TASK STATEMENT:
Using the records below, copy exactly the part that opens with the line holding "运动鞋, 耐克, Nike" and closes with the line holding "lazy cats. cafe", minus the pictures.

RECORDS SHOWN:

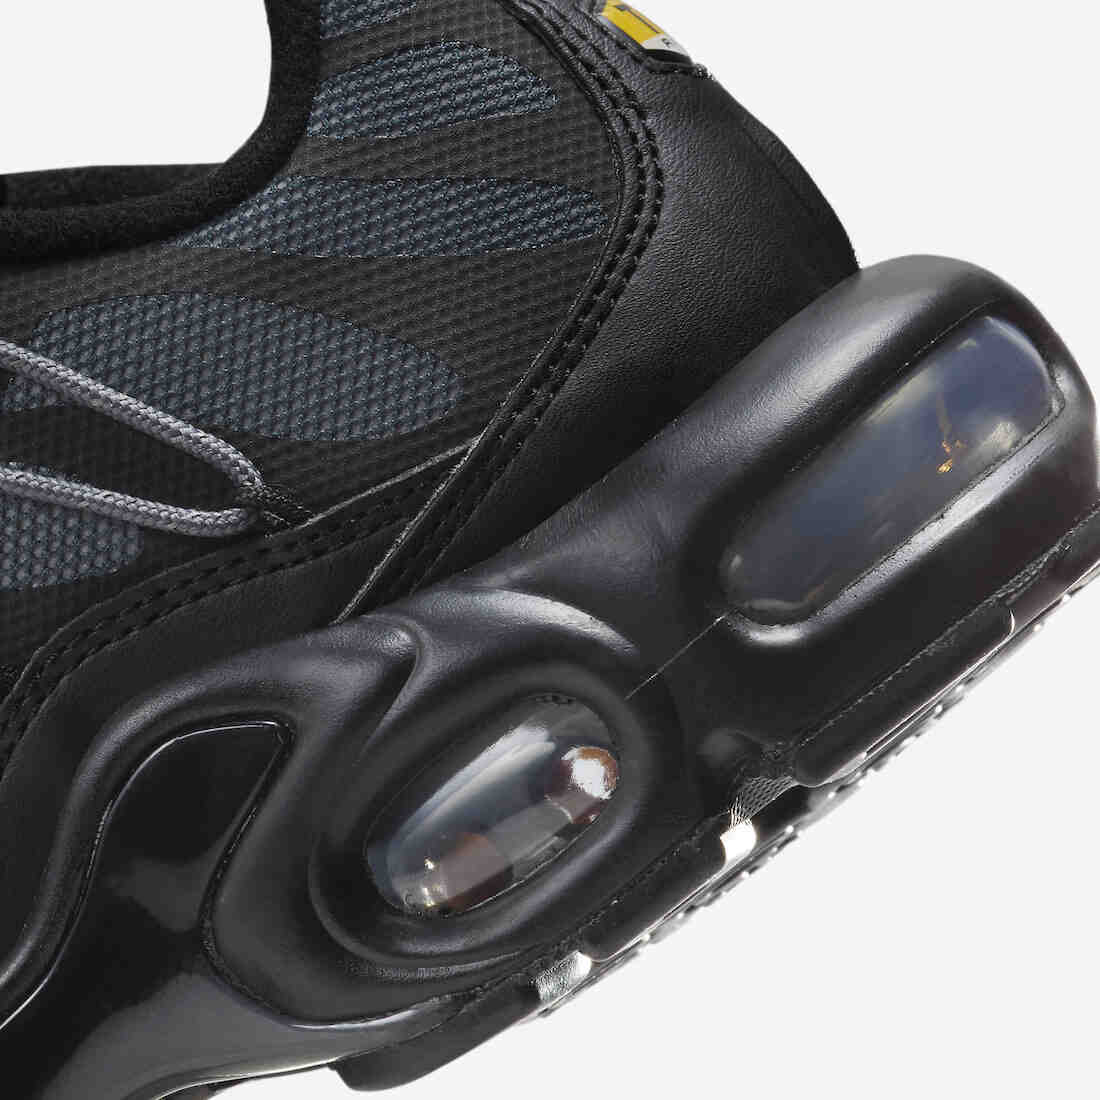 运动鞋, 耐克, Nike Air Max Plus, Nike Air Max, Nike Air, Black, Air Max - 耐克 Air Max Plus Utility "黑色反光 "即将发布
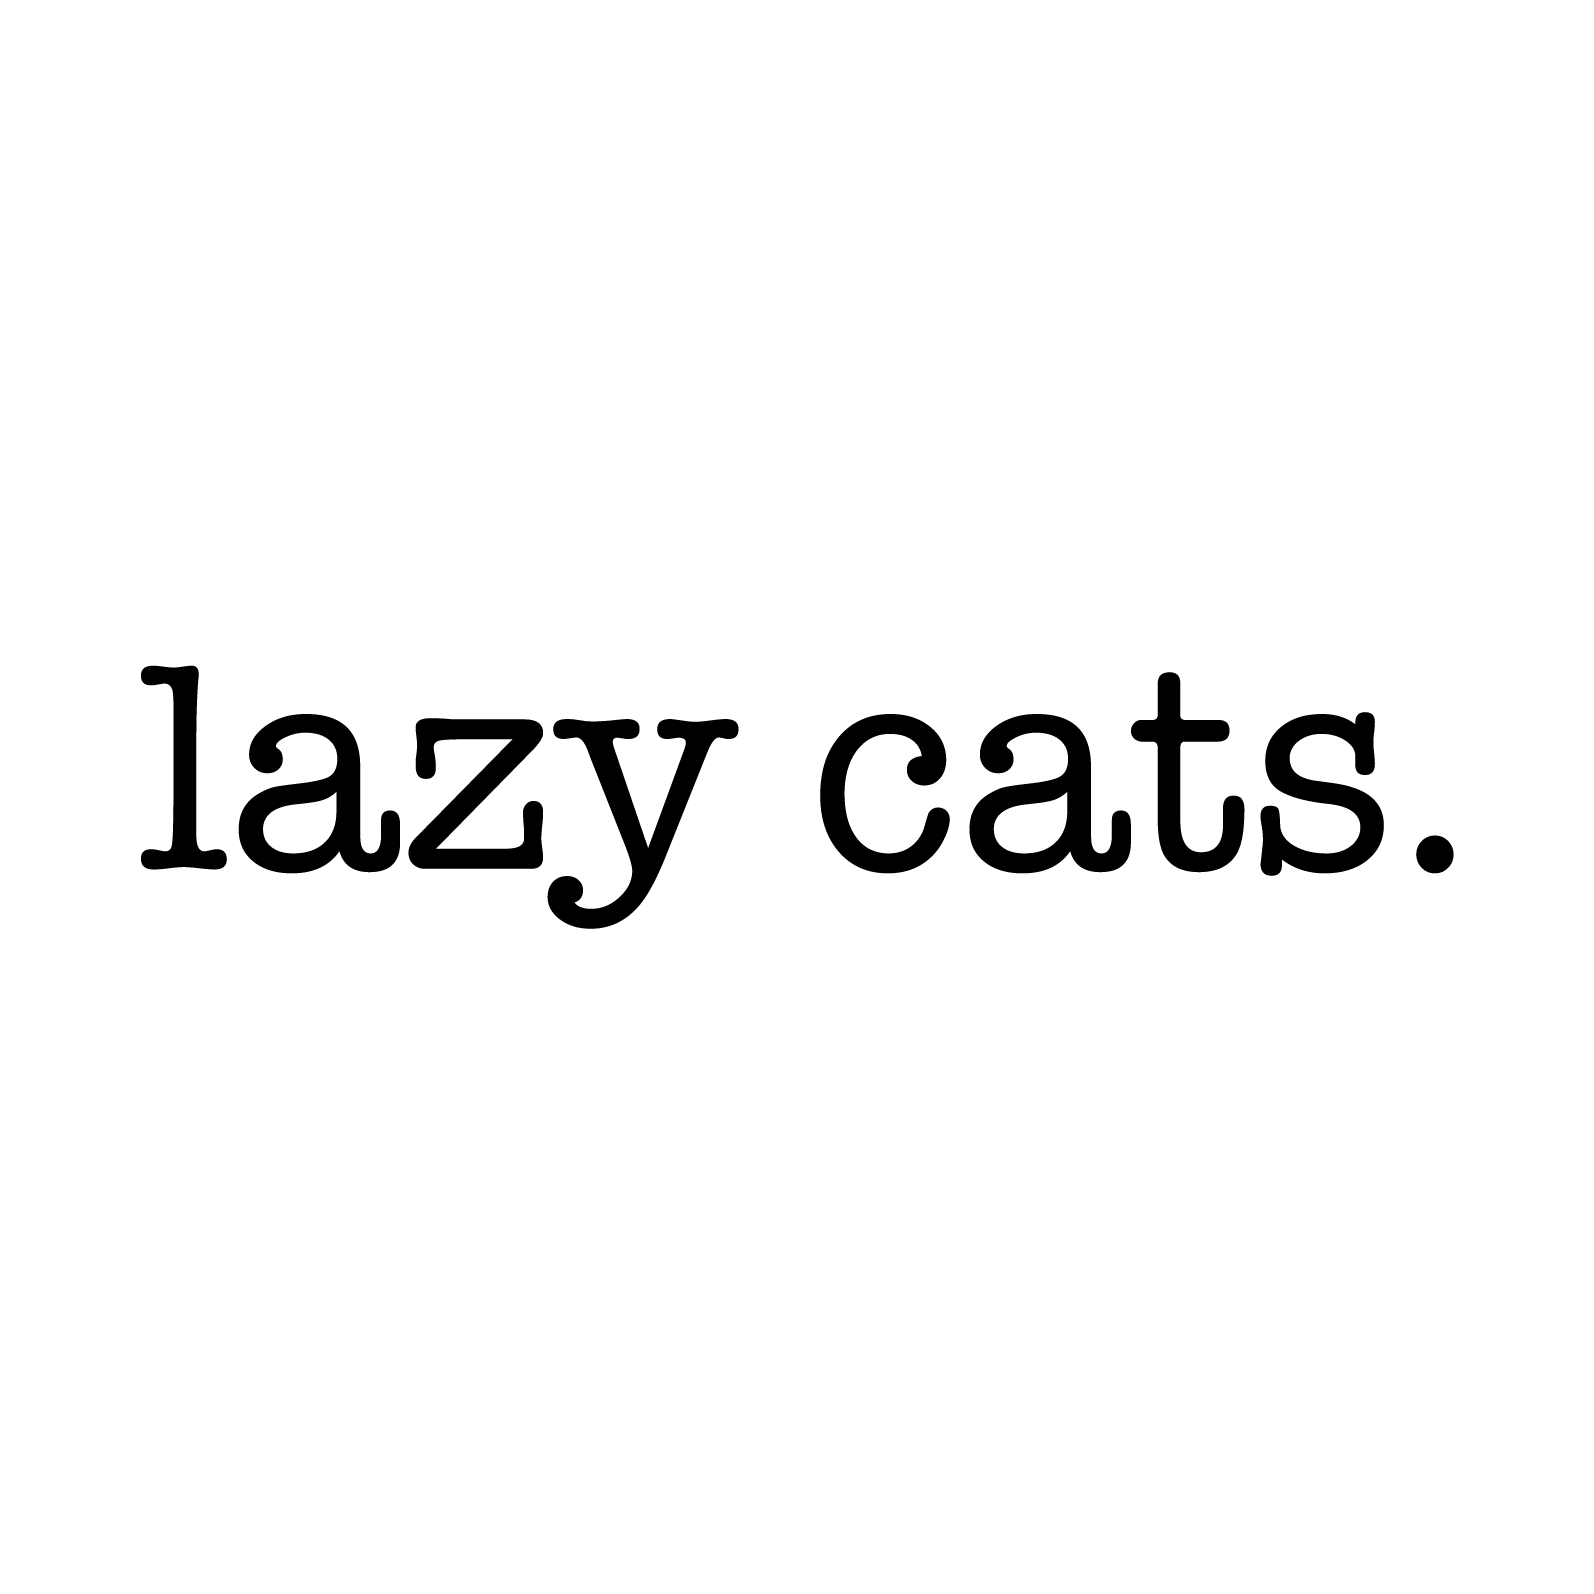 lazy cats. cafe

* * *

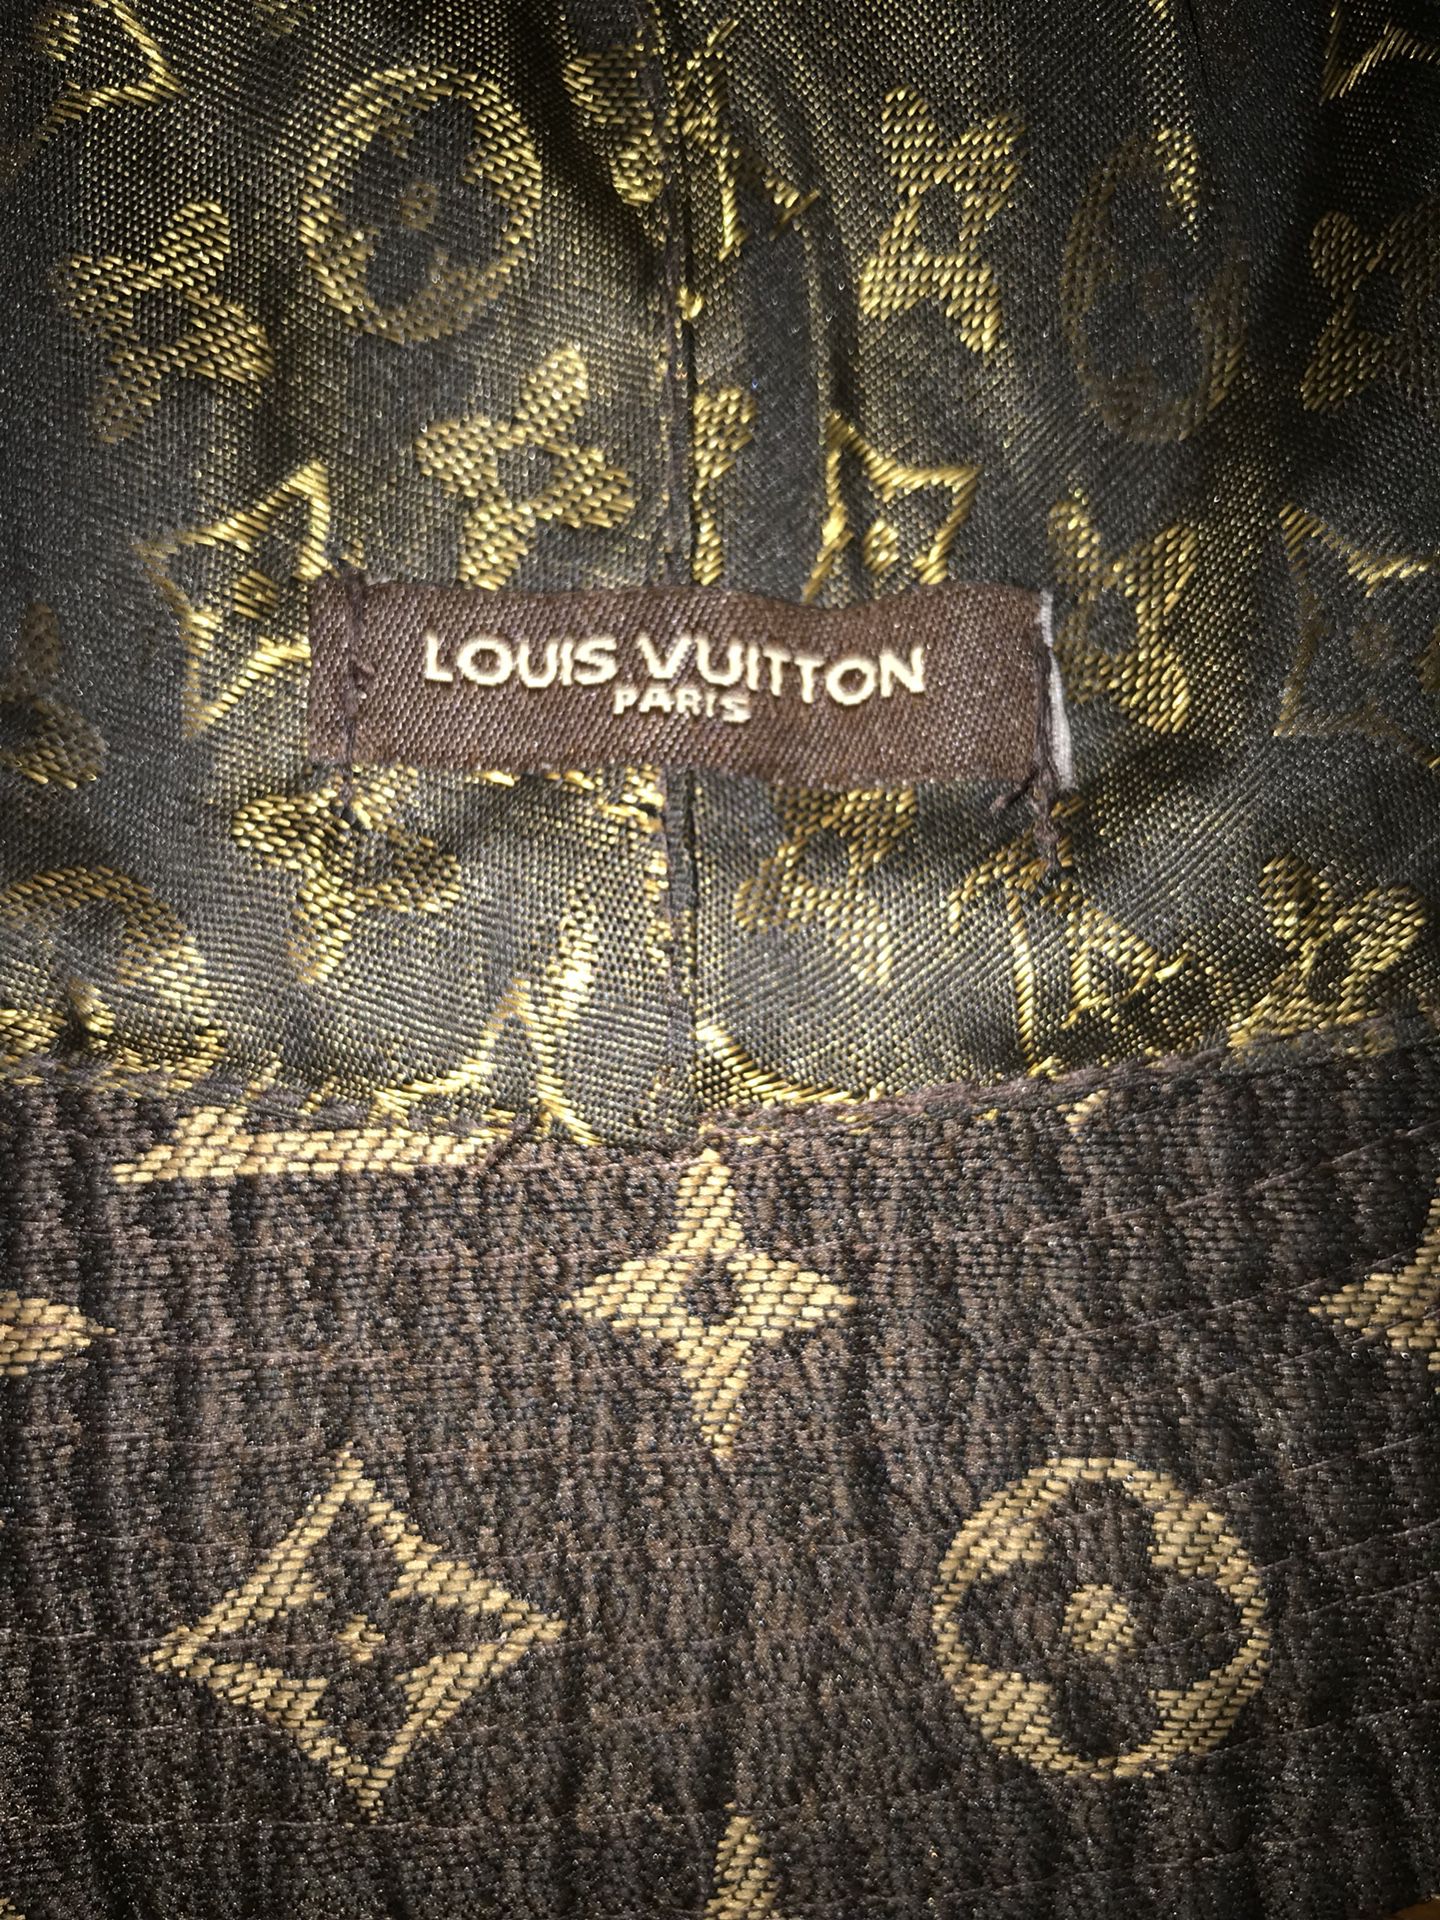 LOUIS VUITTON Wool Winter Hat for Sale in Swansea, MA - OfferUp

WRITTEN SOLUTION:
 运动鞋, 耐克, Nike Air Max Plus, Nike Air Max, Nike Air, Black, Air Max - 耐克 Air Max Plus Utility "黑色反光 "即将发布
 lazy cats. cafe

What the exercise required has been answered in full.